Before the age of three, my daughter was taken care of by her granny and both my husband and I were studying in another province. I suffered a lot from the departure time with my honey daughter and I cherished every moment with my little darling during every vocation. On the occasion of departure, my kid would hug my leg and pleaded:"Mommy, would you please stay for two more days with me?" Followed, unspeakable pain bit my heart. My husband and I finally graduated and worked as teacher in the same college. My long awaited family reunion was fulfilled at last. Our daughter was then with us and my life was full of joy and I felt so much contented at that time. 
However, the sweet joy of of reunion didn't last long. Two months later my husband made up his mind to pursue further study and a higher degree, which would take him 4 years. Now three years have passed and during these years, I have been physically able to work and look after my daughter all by myself, yet I find that I am mentally exhausted most of the time. My husband always keeps himself busying and we seldom have time to talk with each other. Apparently, my daughter wants to feel loved and cared for by her daddy although they seldom stay together. She burst into tears every time when her daddy leaves her to go to school. Without her daddy being present, my daughter has less fun in her life and she is not bold enough in public place. 
My husband and I have married for almost ten years, but most of the time we are separated. My suffering left me sad and gloomy and I have become moody. During day time, I have to prepare for lessons, give lectures, and do all the housework. I am losing my patience when I help my daughter with her daily homework at night. I sometimes shout at her and blame her for her poor performance. Every time after my bad parenting habits I feel so guilty but I just cannot stop because I really feel helpless. My husband has completed his dissertation defense and I am thinking about divorce.


----------



## minebeloved (Nov 7, 2013)

Is he living in another place?

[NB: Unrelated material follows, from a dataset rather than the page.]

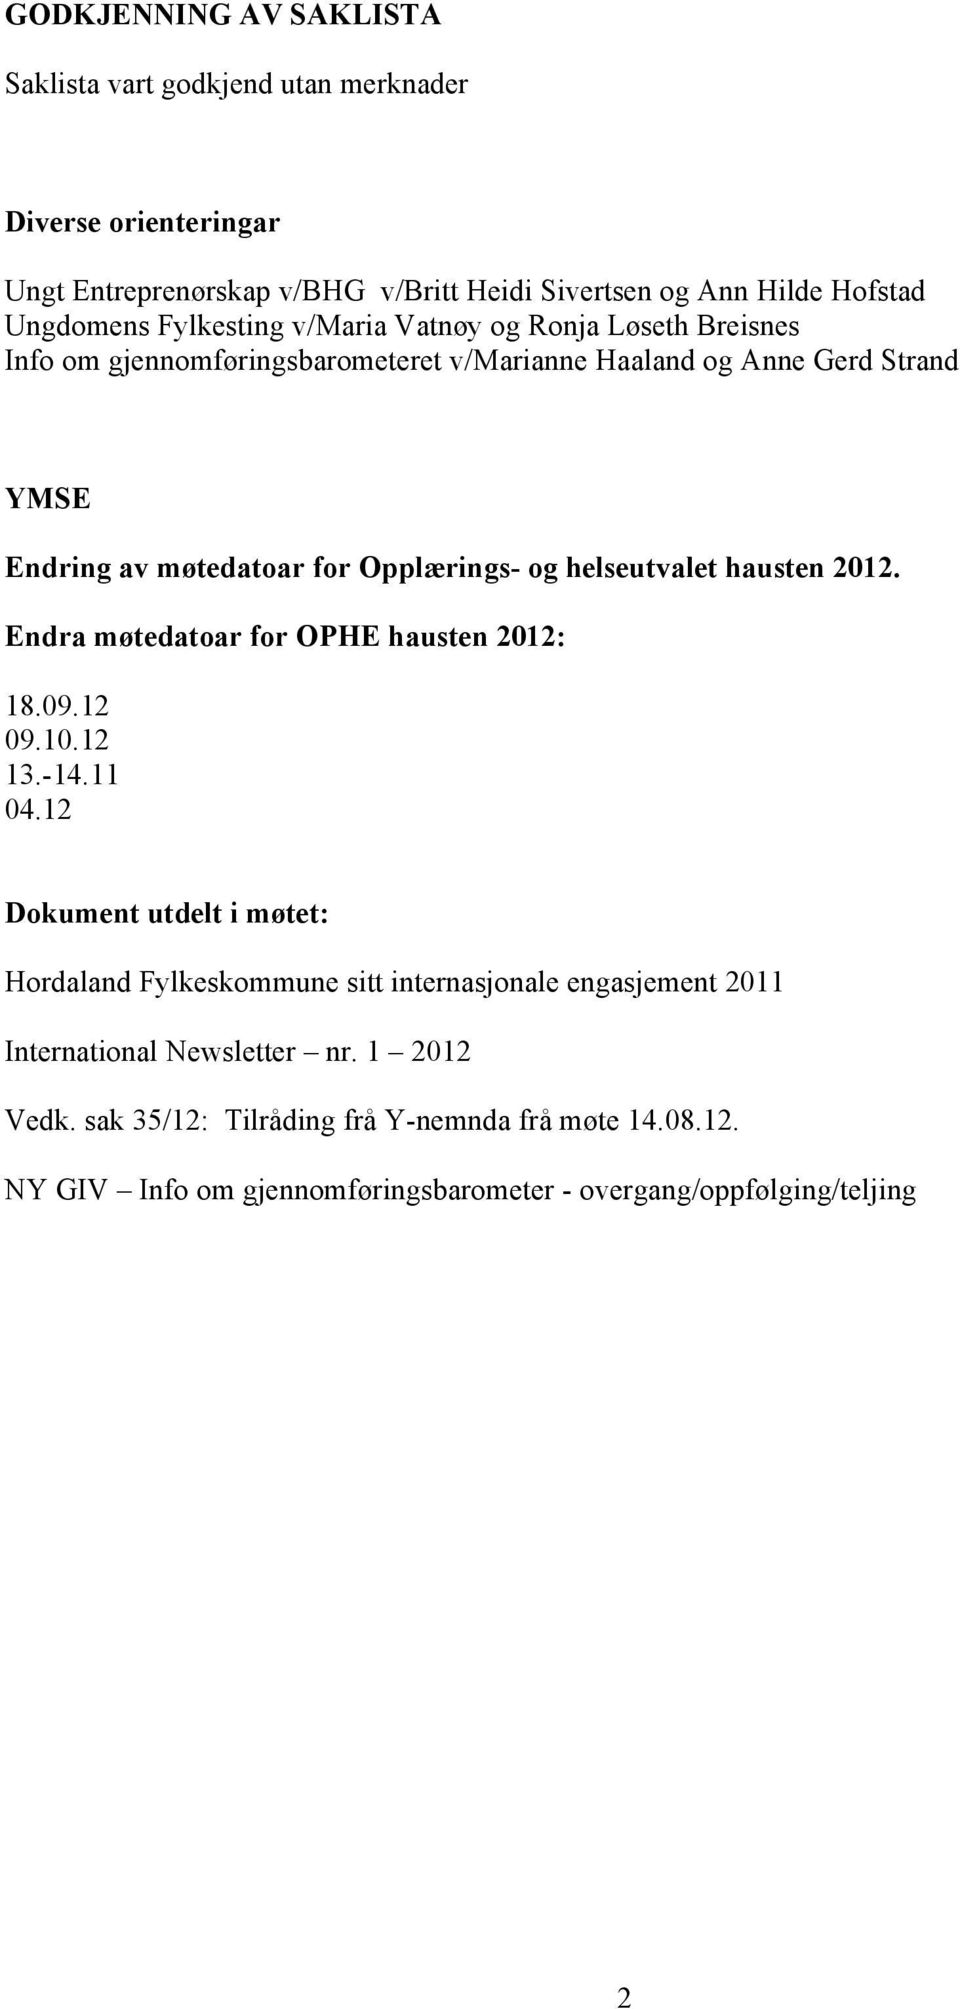 helseutvalet hausten 2012. Endra møtedatoar for OPHE hausten 2012: 18.09.12 09.10.12 13.-14.11 04.

Is there no way for him to work so you can spend more time with you daughter? Have you thought about homeschooling her, for sometime, so you both can bond better?


----------



## Guoazalea (Dec 14, 2013)

Thanks for you help! He is in another province and he will soon finish his study.The problem is that I kind of get tied of him with all these years departure, but I can feel my daughter's pain when I told her that I want to leave her daddy. She even drew a wedding ceremony picture to express her feeling. I don't want to hurt my daughter but I cannot snap out of the current depression.


----------